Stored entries
==============================

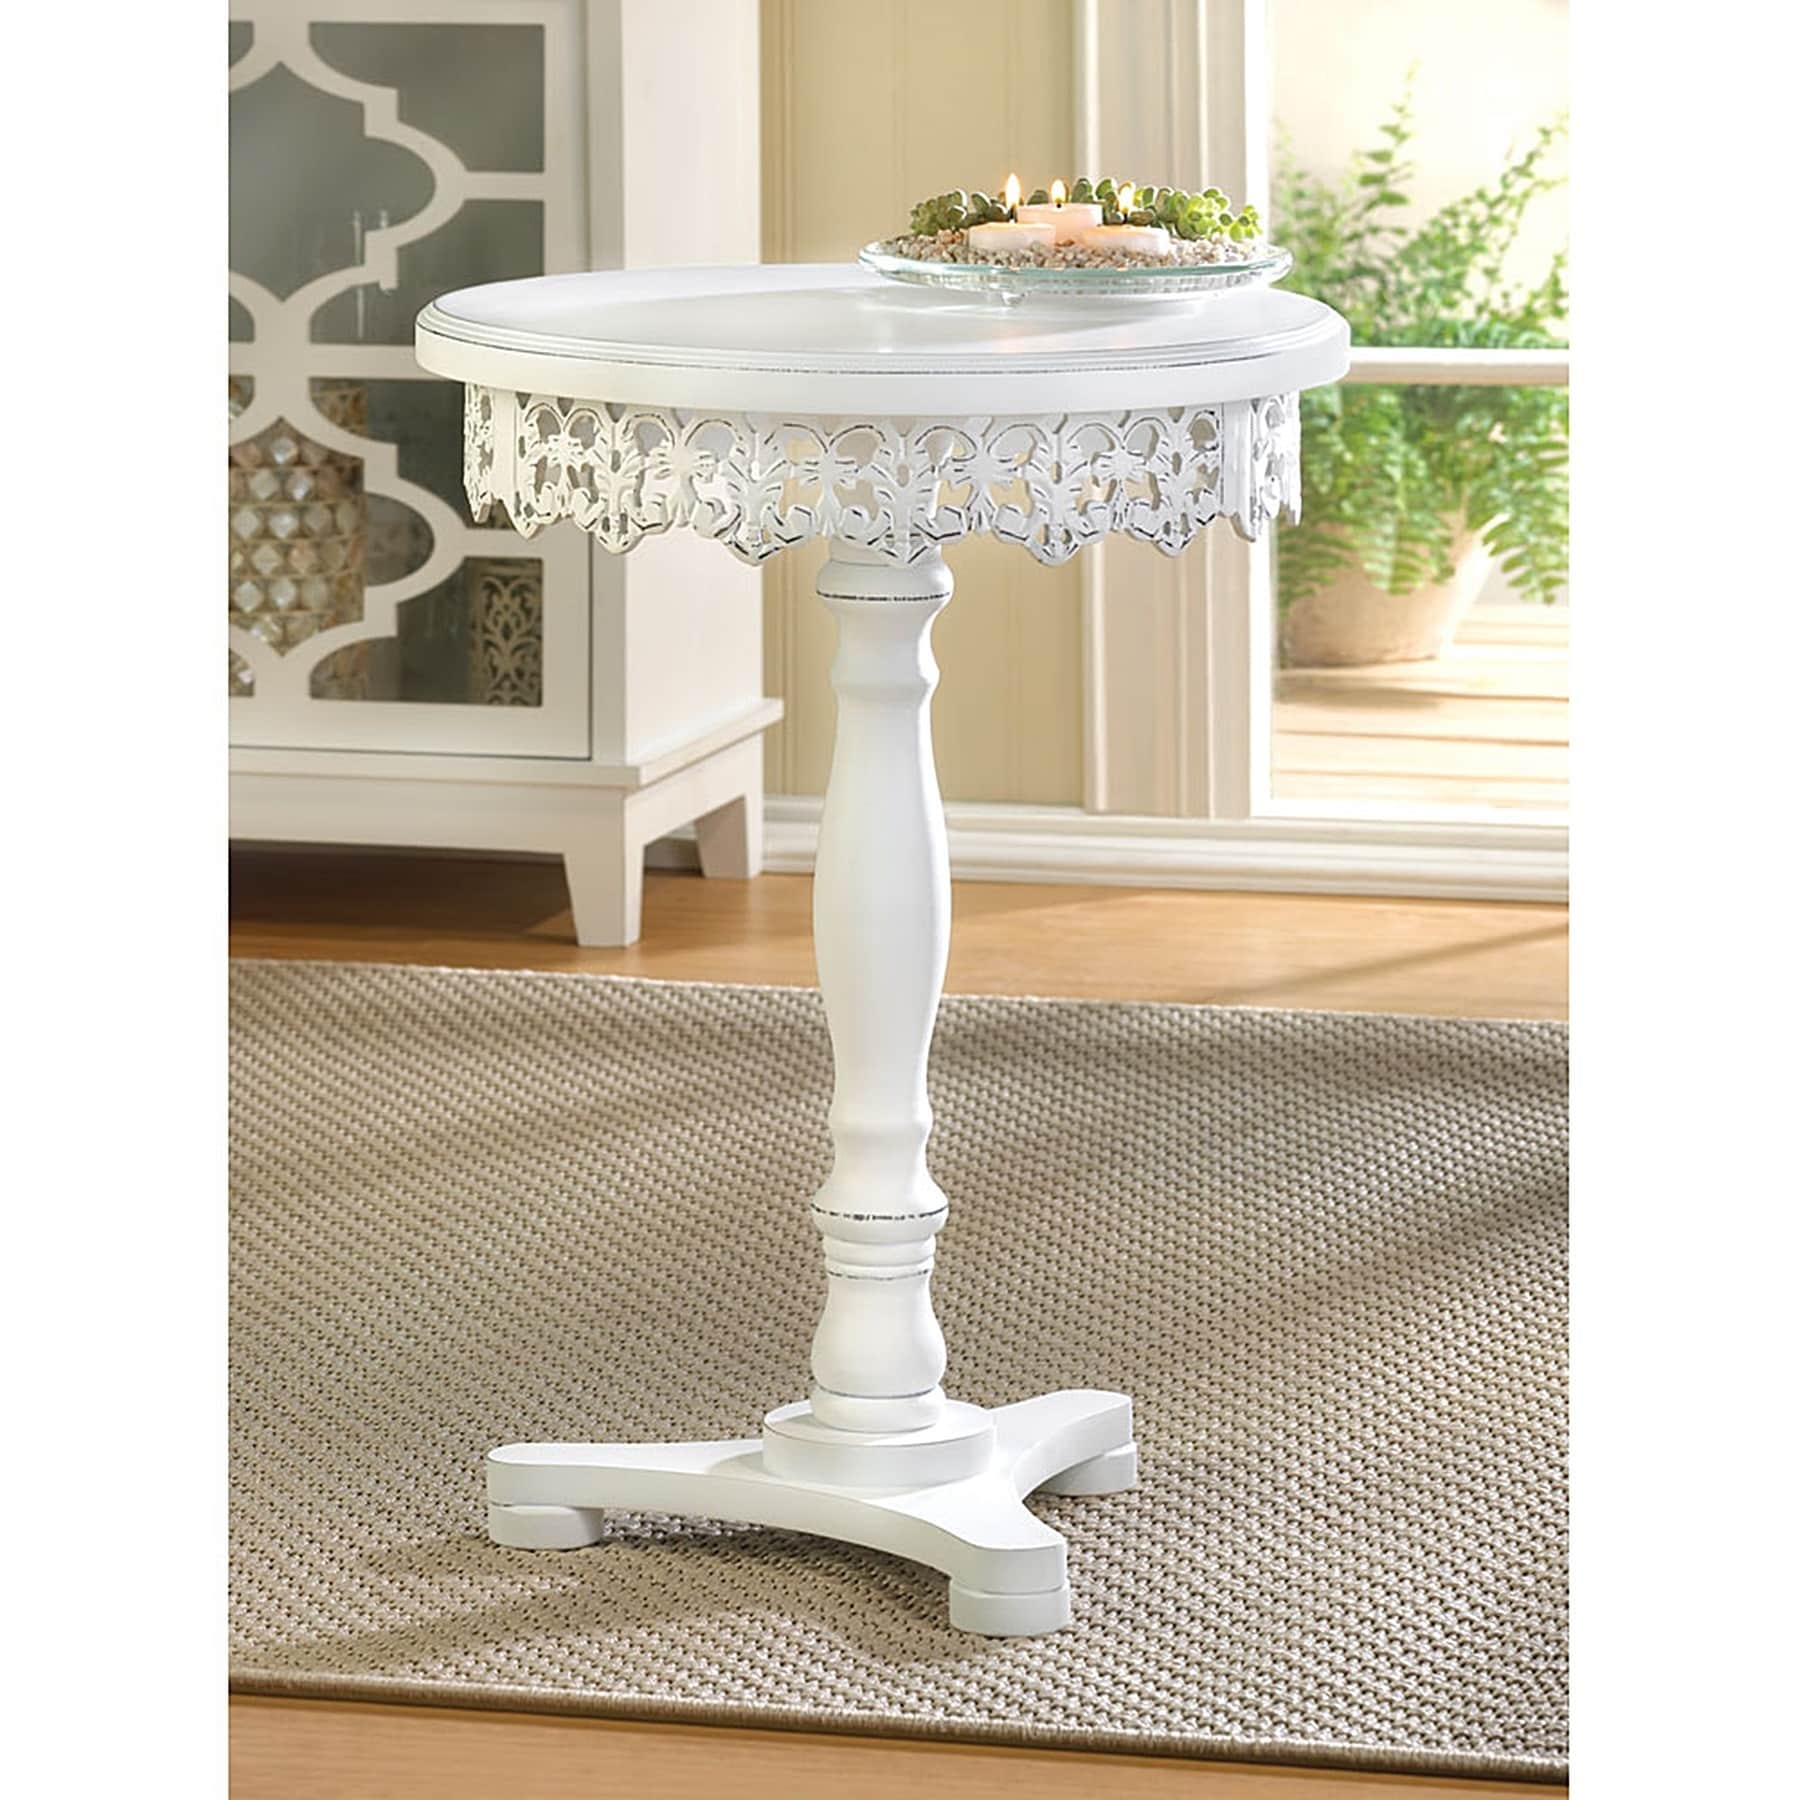 Lacy Antique White Finish Wooden Round Side Table Overstock 11902470
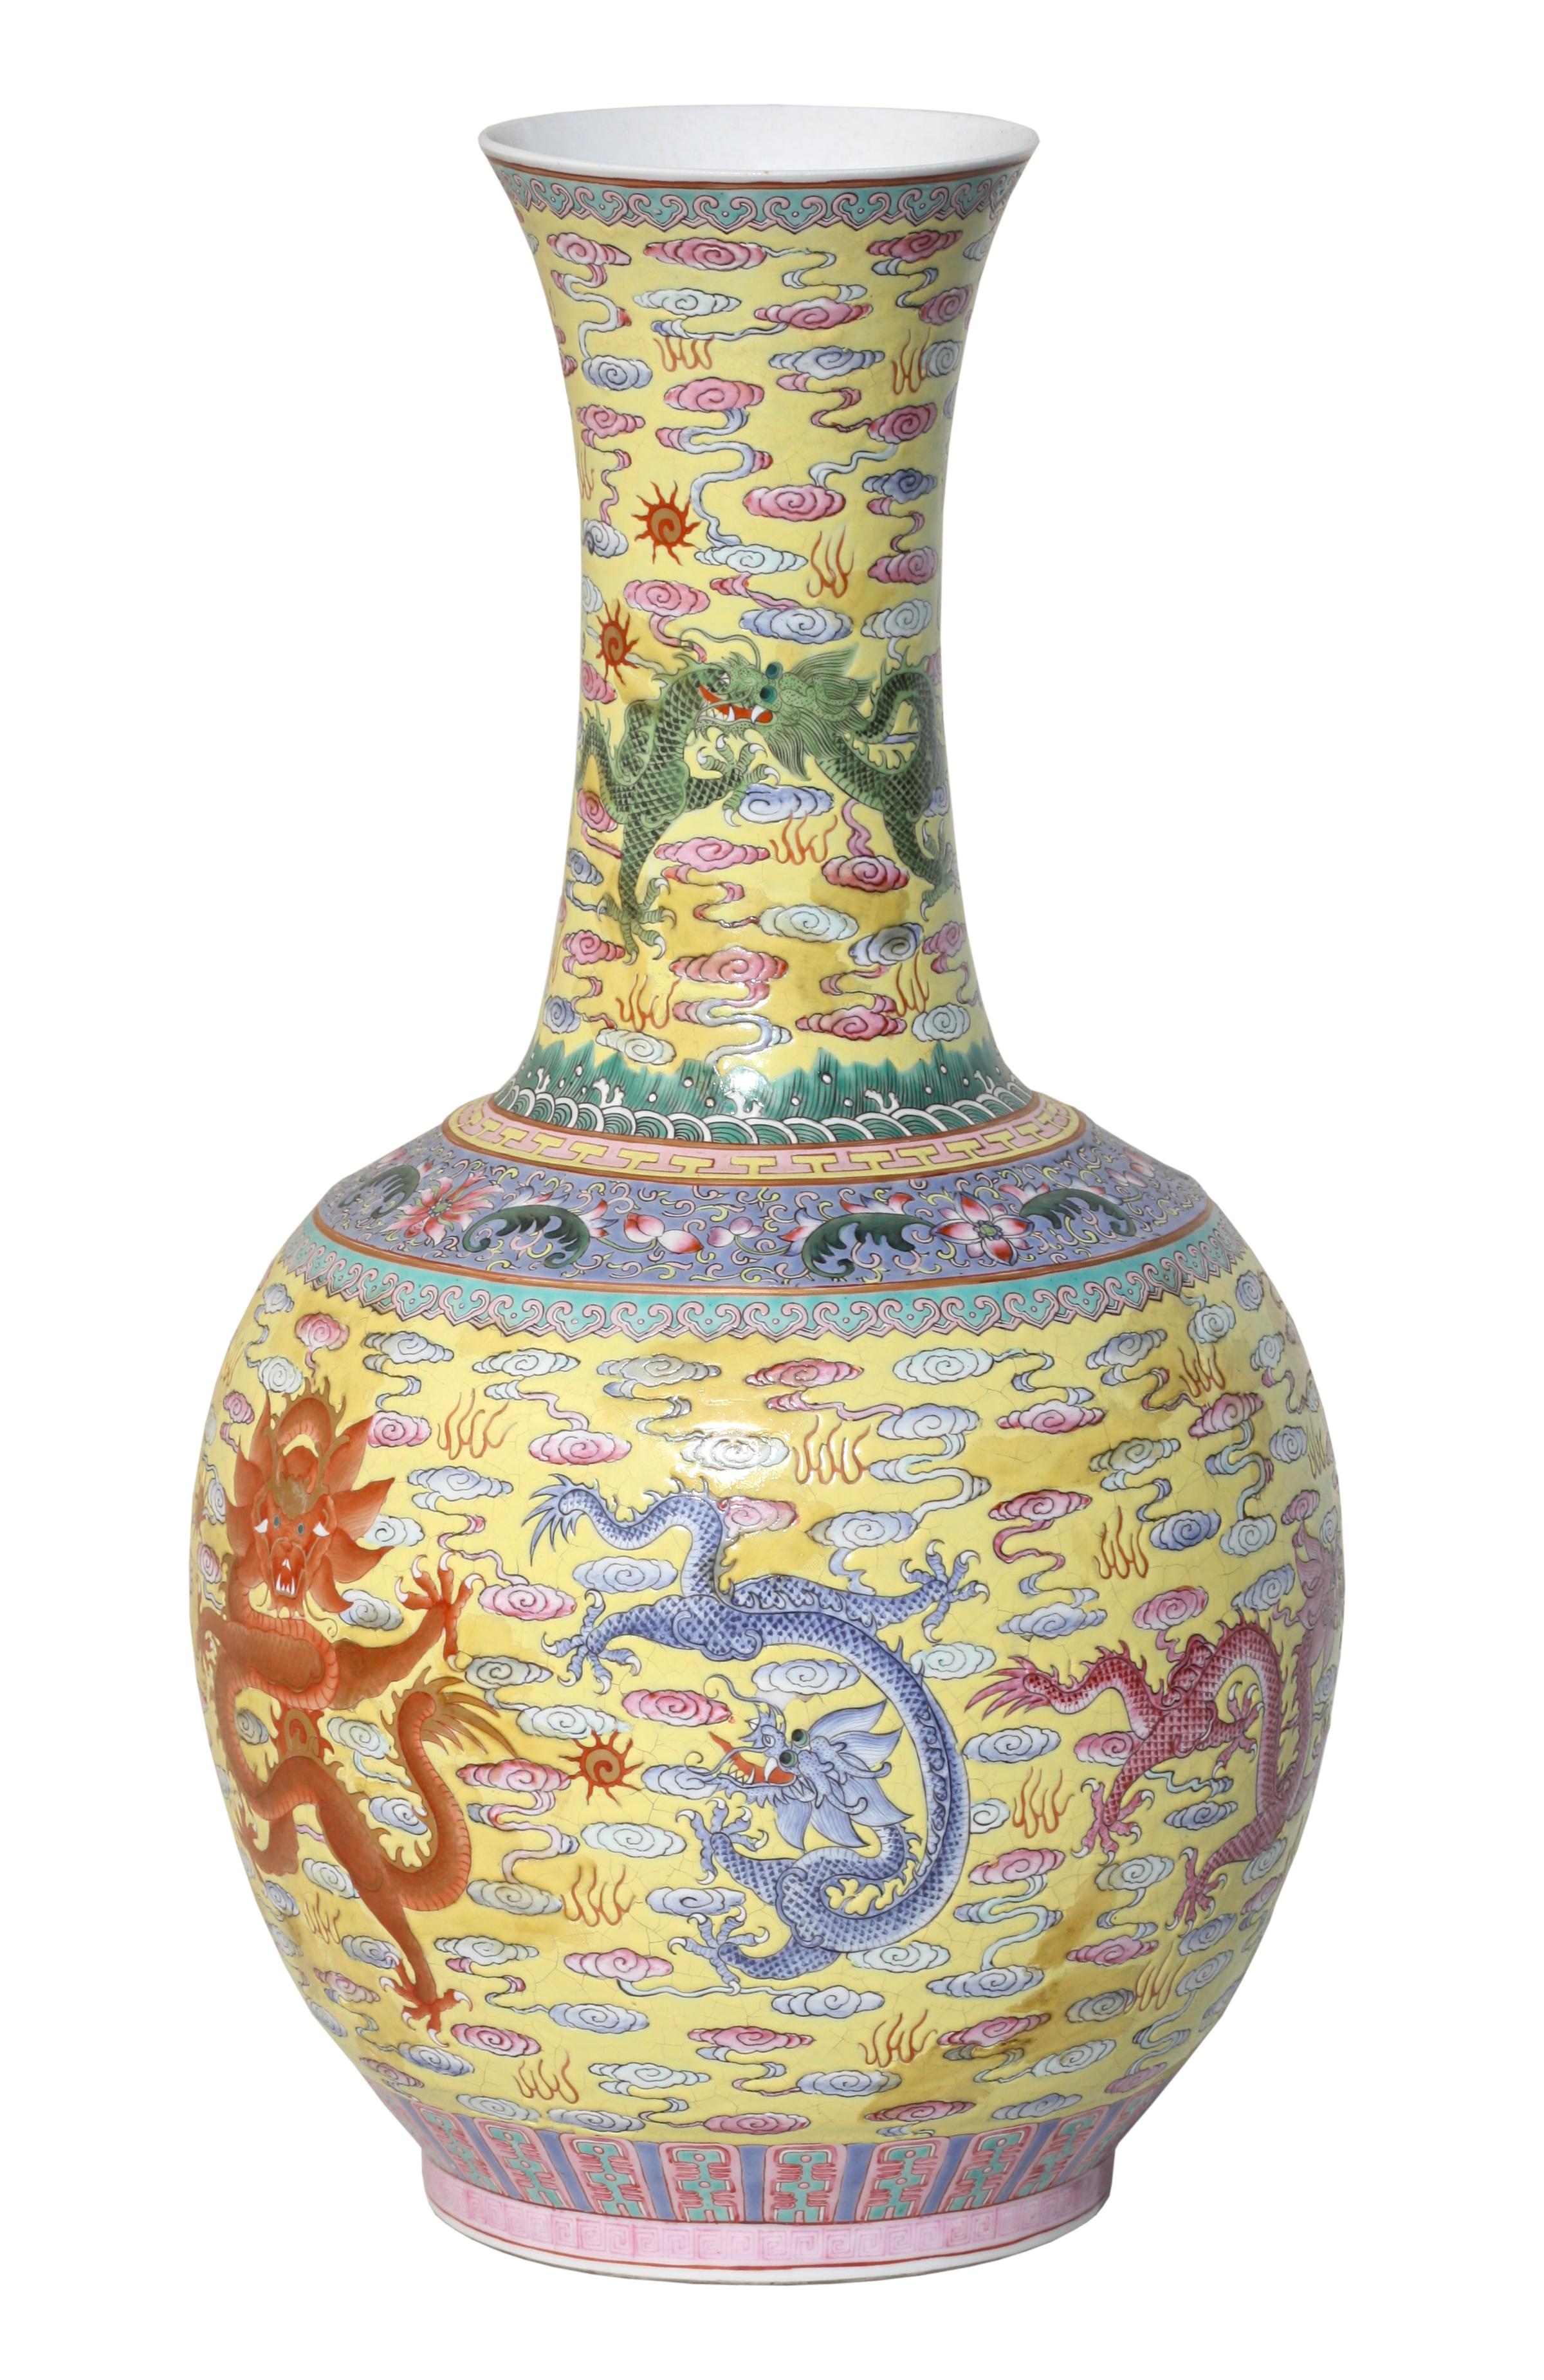 A Pair of Chinese Qing Style Famille Jaune Porcelain Vases, baluster-form vases with wide mouths, painted with dragons at various pursuits amongst clouds with yellow and pink ground
Height 17.5 in. (44.45 cm.)
Base 5.62 in. (14.28 cm.) 
30 in.

==============================

WORK INSTRUCTION: All entries above must be repeated exactly; pictures are to be left out.

EXERCISE RESPONSE:
 Lacy Antique White Finish Wooden Round Side Table Overstock 11902470
 A Pair of Chinese Qing Style Famille Jaune Porcelain Vases, baluster-form vases with wide mouths, painted with dragons at various pursuits amongst clouds with yellow and pink ground
Height 17.5 in. (44.45 cm.)
Base 5.62 in. (14.28 cm.) 
30 in.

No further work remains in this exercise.